The past years we've had garage/yard sales we do them from 7 am to 2 pm. You get those who are up and ready to go early--along with the dealers   The next few hours are others who get going at 8 or 9. There's always a lull or two, but not too bad. Several of us are usually here to take turns answering questions, taking money, carrying to the car, etc.
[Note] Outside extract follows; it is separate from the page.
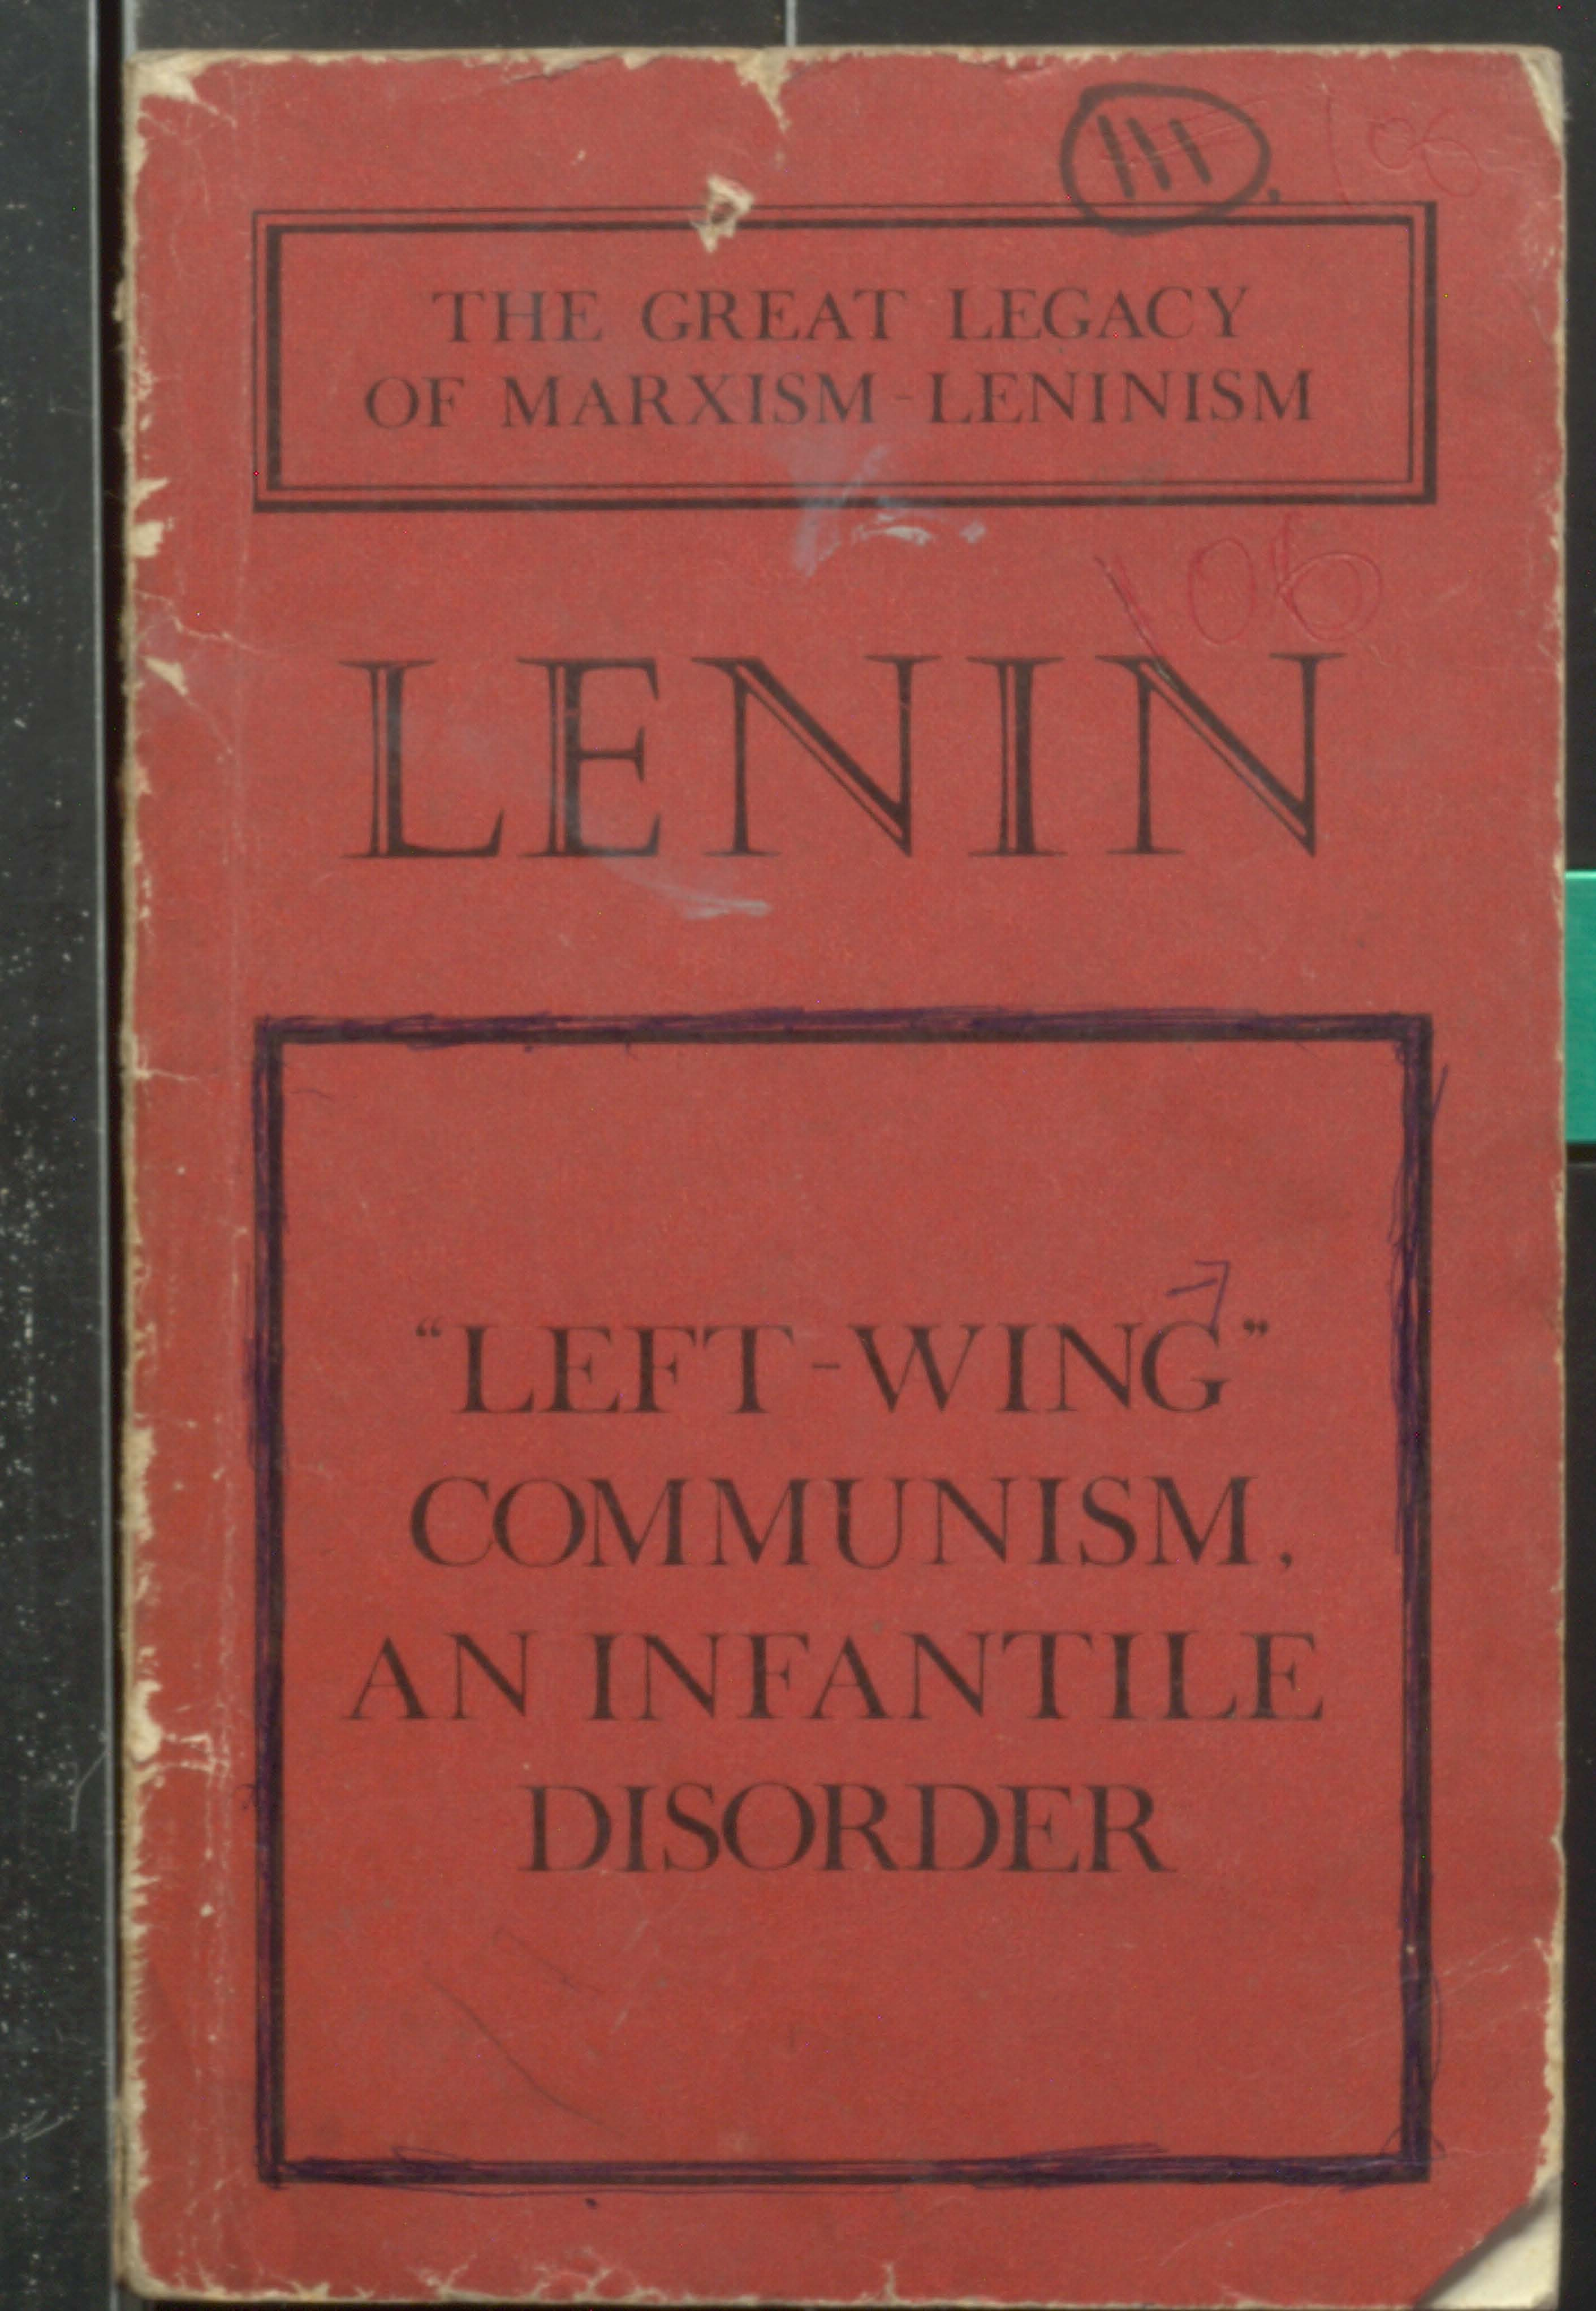 LENIN "LEFT-WING" communism, on infantile disorder.

We order lunch during a lull.


----------



## oakapple (Aug 29, 2016)

We don't have garage sales here....I wish we did, as I like a bargain.


----------



## debodun (Aug 29, 2016)

jujube said:


> From  my past experience, you get the "dealers" first thing in the morning, quite often a half hour before the published start of the sale.  They'll go through like a whirlwind, make insulting remarks about what you have for sale and outrageously low-ball you.
> 
> About 8:00 (and here I'm just speaking from personal experience), you'll have the ladies from a certain Caribbean island show up and steal as much as they can (happened to me at all three of my garage sales).   Shortly after that, the various looky-loos dribble in.   They'll always ask you for something you obviously don't have.  They'll want to know if you are putting anything else out later.  They'll want to buy the folding table that has the sign on it that says, "TABLE NOT FOR SALE."  They really, really want that table.  If you do agree to sell it to them, they won't like the price.  They'll pass up all the really good stuff and buy a chipped cup in the five-cent box.
> 
> ...



Sounds like the story of my life. Add to that people that stop just to: 1) ask directions 2) use the bathroom 3) ask you to dispose of the trash they have in the car like fast food bags and big-gulp cups.


----------